* **What to produce**: The answer must be an exact reprint of the lines from the one with "II Taller de" through the final line of the data, with no pictures included.

* **Supplied information**:
____________

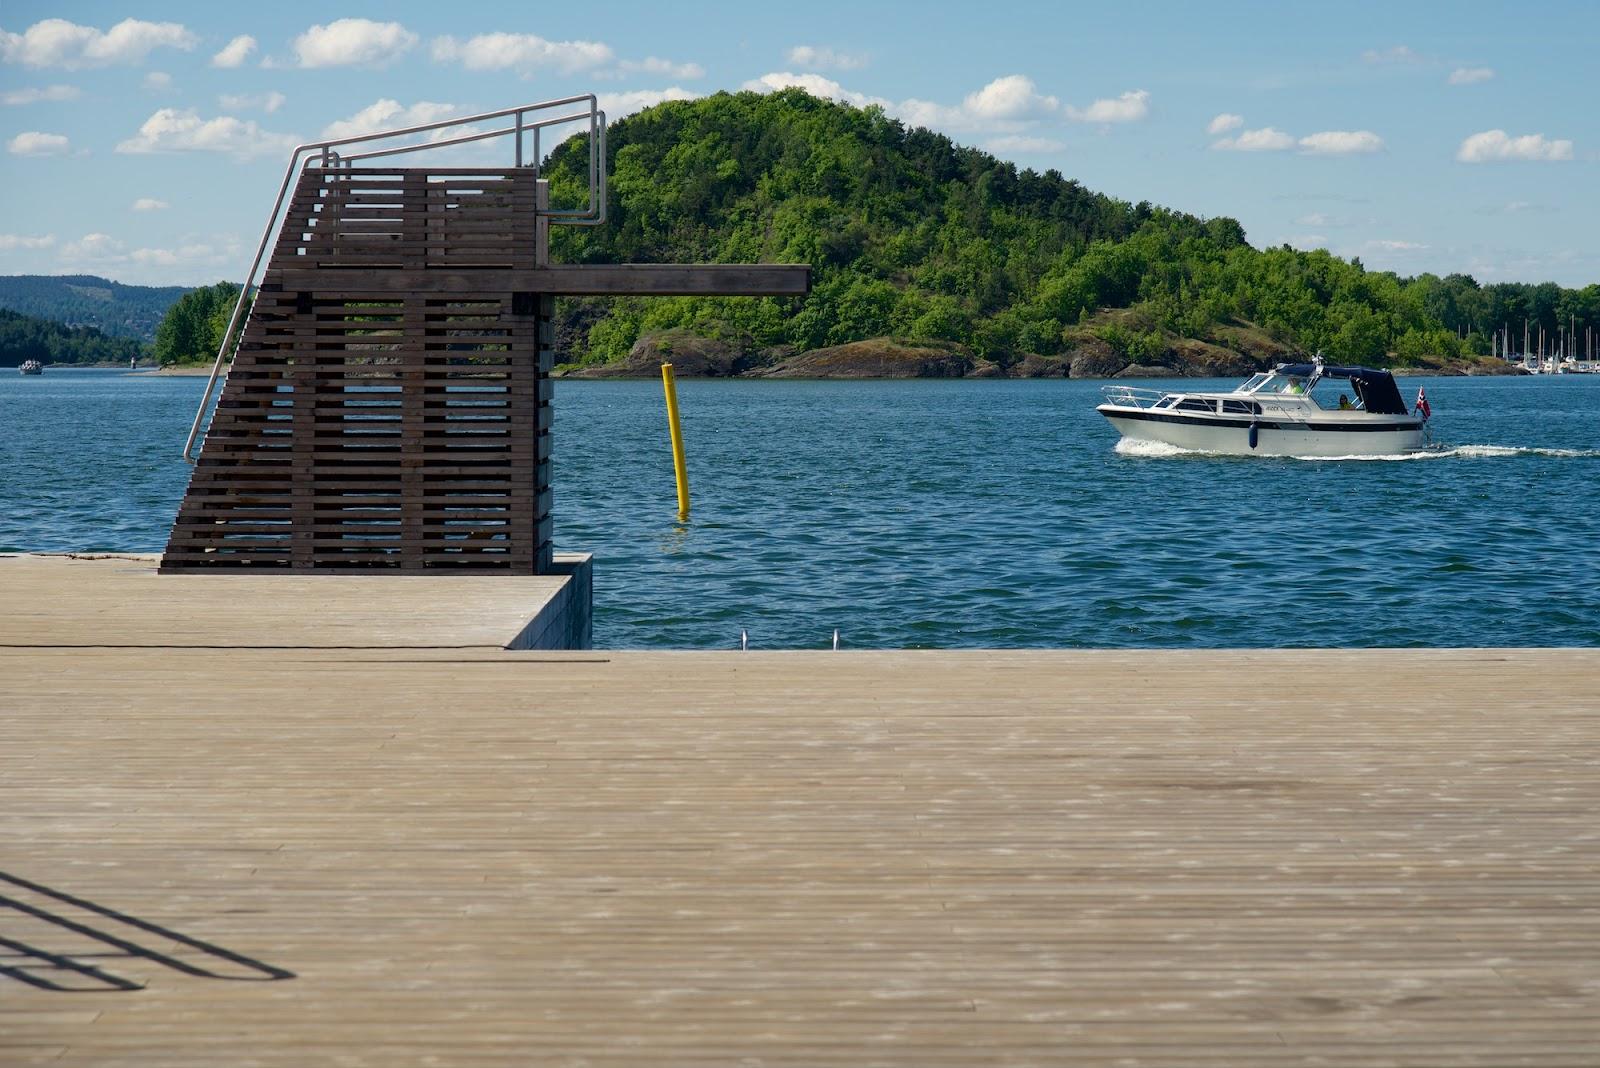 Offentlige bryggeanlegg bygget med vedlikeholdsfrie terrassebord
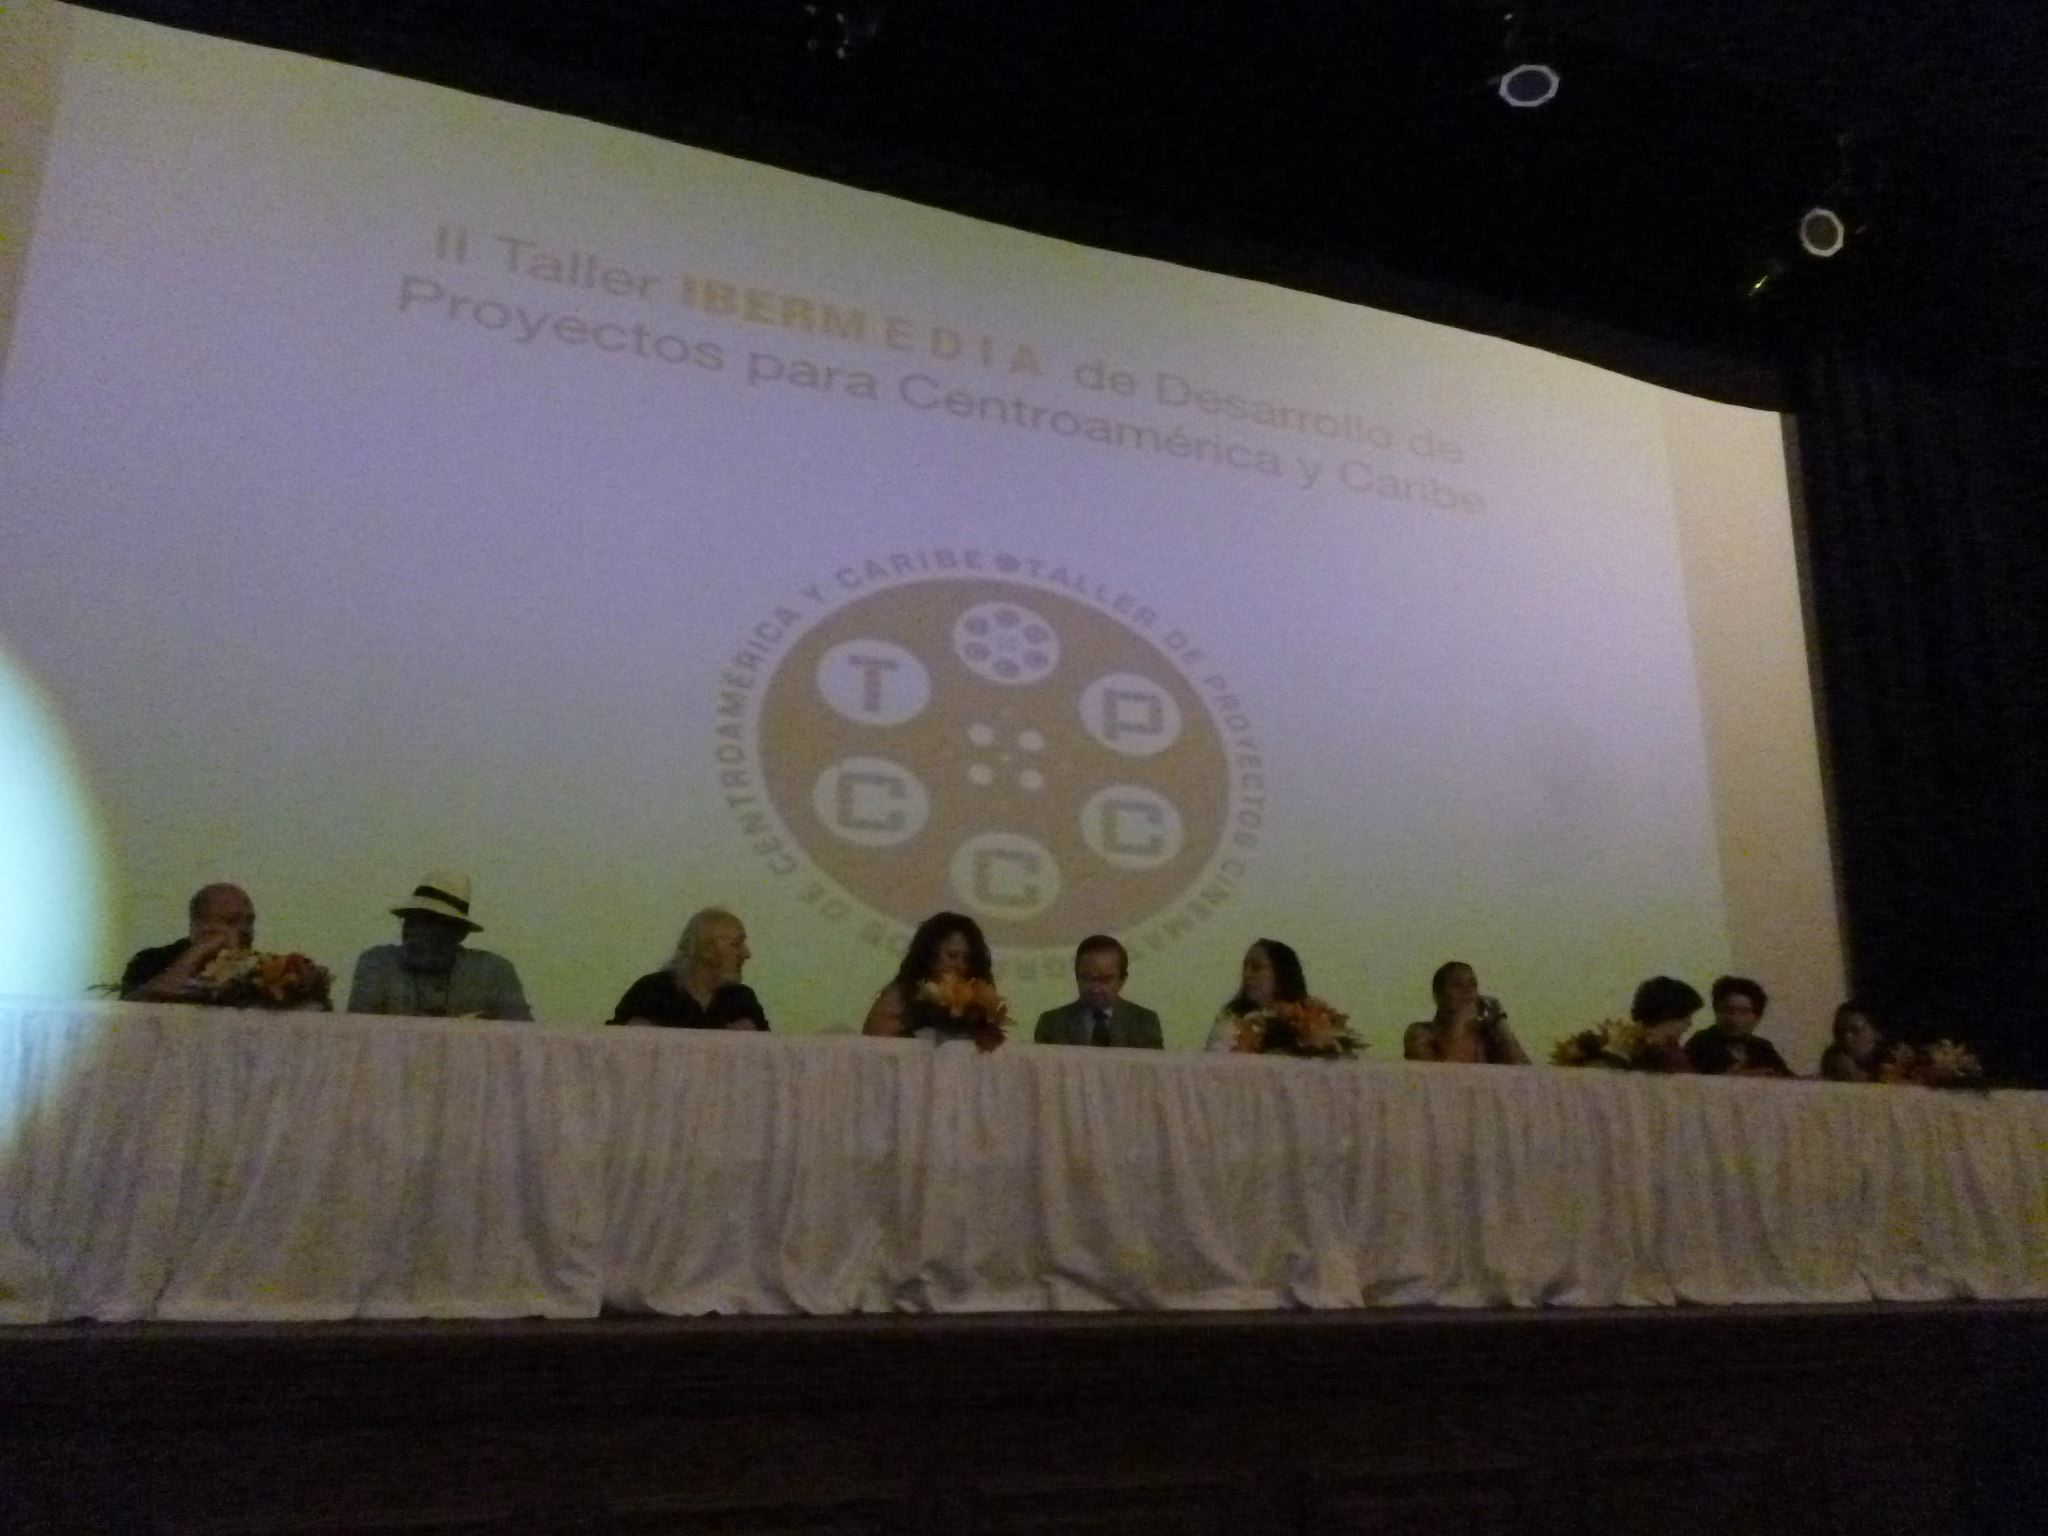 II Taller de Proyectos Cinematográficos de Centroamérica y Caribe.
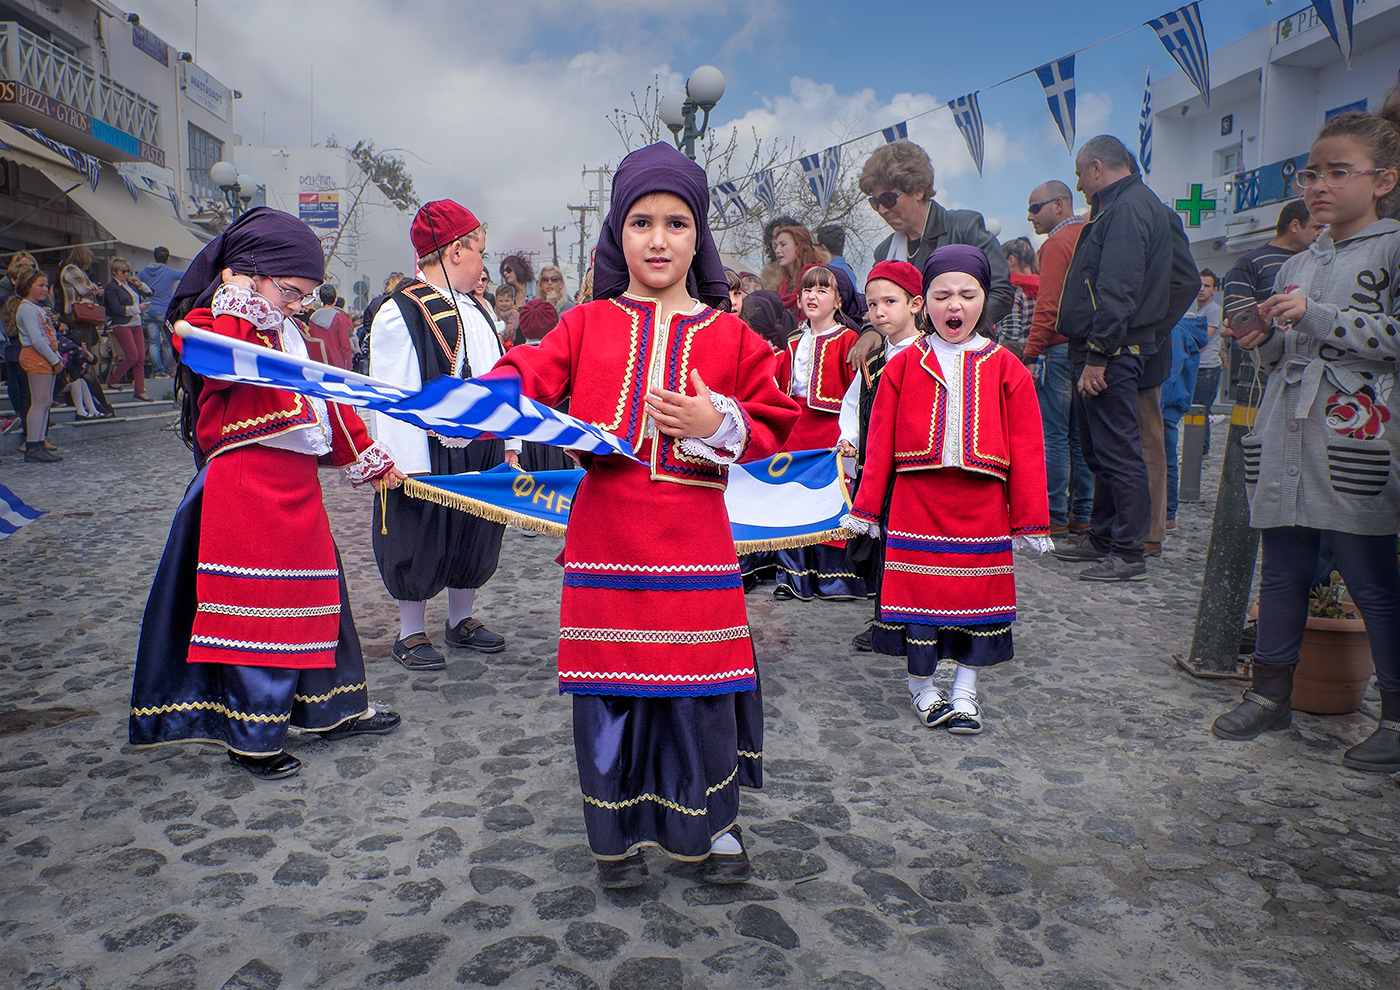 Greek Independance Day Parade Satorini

____________

* **Output for this task**:
 II Taller de Proyectos Cinematográficos de Centroamérica y Caribe.
 Greek Independance Day Parade Satorini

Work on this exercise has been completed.